To put this emerging myth to bed, I can follow one of several different argument paths:

  • Argumenter analysis
  • Historical analysis
  • Logical analysis

Let's take these in order, shall we?

Analyzing the argumenter (speaker)

In many circles, it's common to want to examine the argument absent the person presenting it. "This laptop is the best laptop ever manufactured" can take on very different meanings when uttered by the manufacturer of said laptop as opposed to a neutral third party who has expertise in evaluating said genre of hardware. "Let the argument stand alone" is the rallying cry of these "argument in a vacuum" proponents.

Unfortunately, lots of arguments are not entirely objective in nature. "This is the best" is an opinionated statement that might, at best, be supported by evidence, but only if you (a) agree with the weight by which the evidence is evaluated, and (b) accept as legitimate the manner in whichthe evidence was gathered. Only if we all agree on (a) and (b) can we even begin to consider agreeing on the conclusion drawn.

On top of that, the entire premise rests on the idea that the invidual speaking the opinion/conclusion is doing so in entirely good faith. And that, dear reader, is where many of our "junior developers are obsolete" pronunciations go horribly, horribly wrong, because so many of those who make that statement are in positions wherein they benefit directly or indirectly from the prophecy becoming a self-fulfilling one.

Consider: If the collective society that LinkedIN seeks to persuade is, in fact, persuaded, then all the currently-enrolled and future enrollees at colleges and universities all over the world will choose degrees in something (anything!) other than Computer Science. Zero graduates. Zero additional inputs into the system. Current junior developers may even pick up their laptops and go take up plumbing. Which leaves us the current crop of senior developers who have maybe--at most--two more decades of work experience left to them, after which, zero developers left to create all that software that will--by definition--still be in demand.

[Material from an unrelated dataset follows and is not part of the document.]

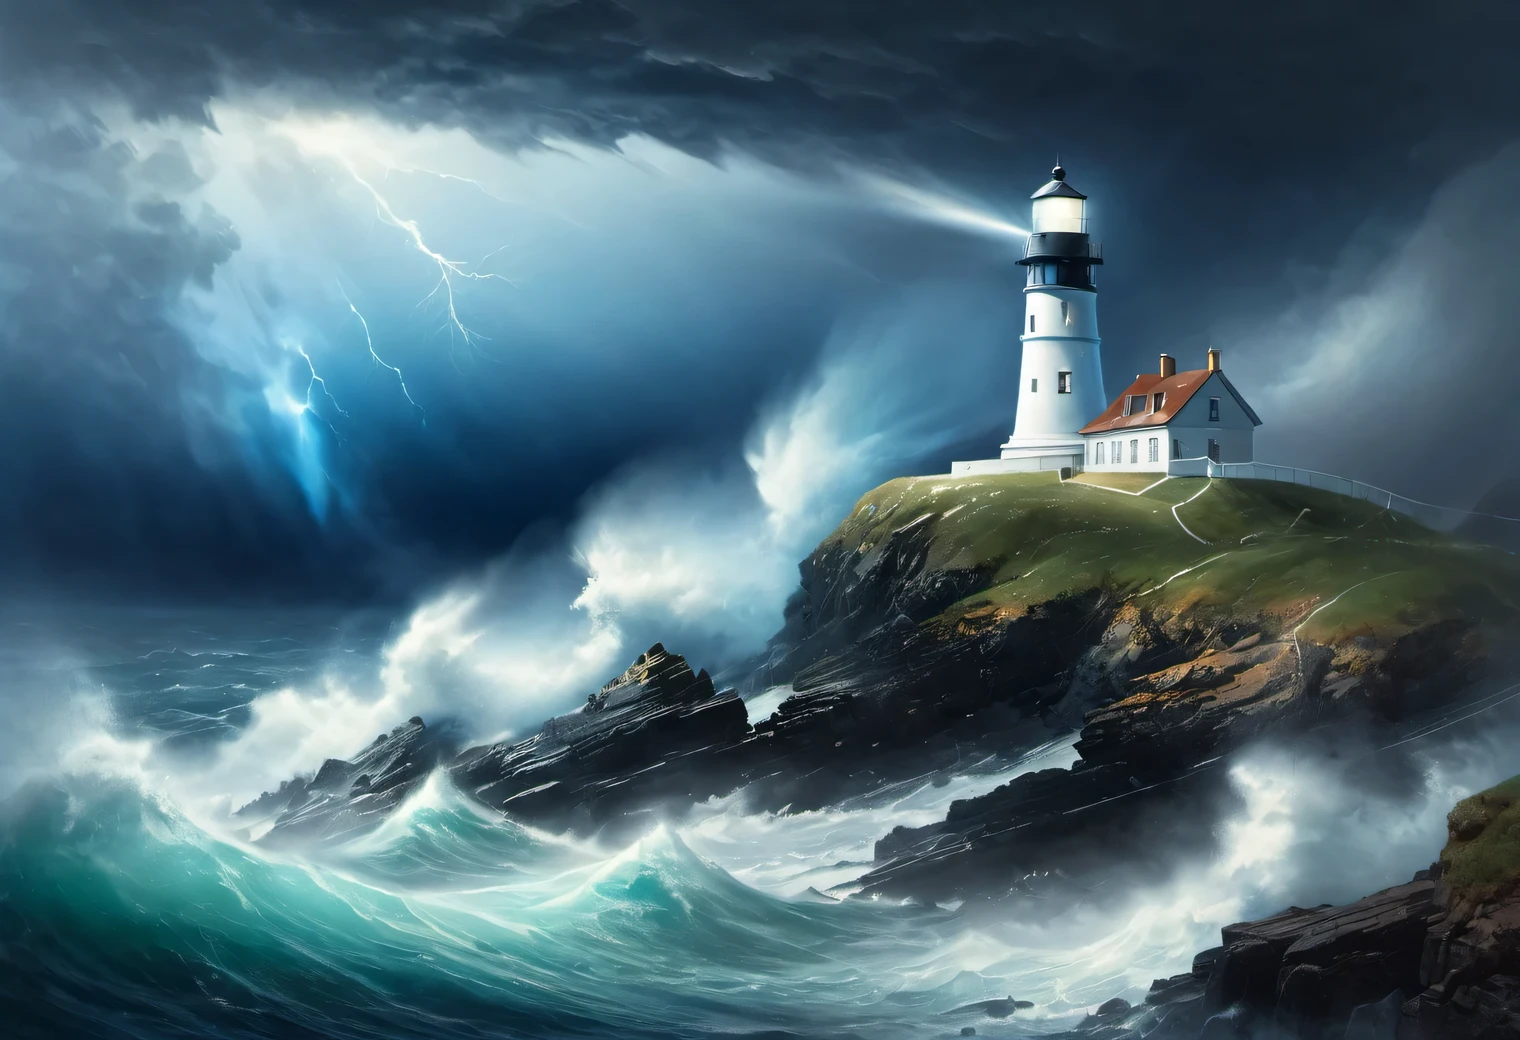 (arte de iluminación verde oscuro:1.7050), Realistic painting in dark Una tormentay tones, (sea Una tormenta fog: 1.2), (el viento lleva espuma y espuma del mar:1.7), the dark Una tormentay sky is illuminated by the pale light of a lighthouse, (efecto de doble exposición:1.5), (1 Faro al borde de un acantilado:1.5 brilla con rayos azules brillantes: 1.3505), (Una tormentay sea: 1.755), fuerte (Una tormenta: 1.3050), fuerte winds:1.250), Resaltado azul, (trazado de rayos: 1.2), (Efecto Tyndall: 1.4055 vigas de faro:1.4), Alto detalle, Una tormenta haze, suavizado de textura, desenfoque de contorno, Una tormenta palette, Ivan Aivazovski, en combinación con (surrealism: 1.6), (the fuerteest Una tormenta of the century:1.5), (poca visibilidad:1.7)

So where, dear reader, do we think the future CEOs and program managers are going to turn to get the new software development they will be demanding? Surely these junior-developer-doomsayers aren't expecting that we'll have to turn to coding agents (and whatever price they're charging for tokens consumed as part of the act of generating that software!) instead, thus making a ton of profits for the owners of those coding agents. Would they--could they--really be that selfish?

(This, of course, presumes that the coding agents are sufficiently good enough such that developers don't need to touch code anymore, and I hold the opposite to be axiomatic.)

Historical analysis

Another approach is to examine parallels in our history, recent or ancient, that hold similar kinds of pronunciations and examine the results. One parallel that frequently appears in the discussion of LLM-based AIs and coding agents is that of the pocket calculator: In the 1970s, when digitial manufacture had reached a point of miniturization enough such that average consumers (e.g., schoolchildren) could have a pocket-sized computer sufficient to carry out cardinal mathematical operations, the educational community went into something of a frenzy, debating how much the calculator was dooming our current generation of schoolchildren to ignorance and incompetence. Larry Cuban has an interesting analysis of the debate that took shape in the 1970s, 80's and even up through the turn of the millenium. In fact, the debate continued all the way up until the present day, though "computers" later came to replace "calculators", mostly because the technology advanced so far as to give students computers in their pocket, by way of "graphing calculators" in the late 80s/early 90s and then later mobile devices (phones, tablets) in the 10s and 20s.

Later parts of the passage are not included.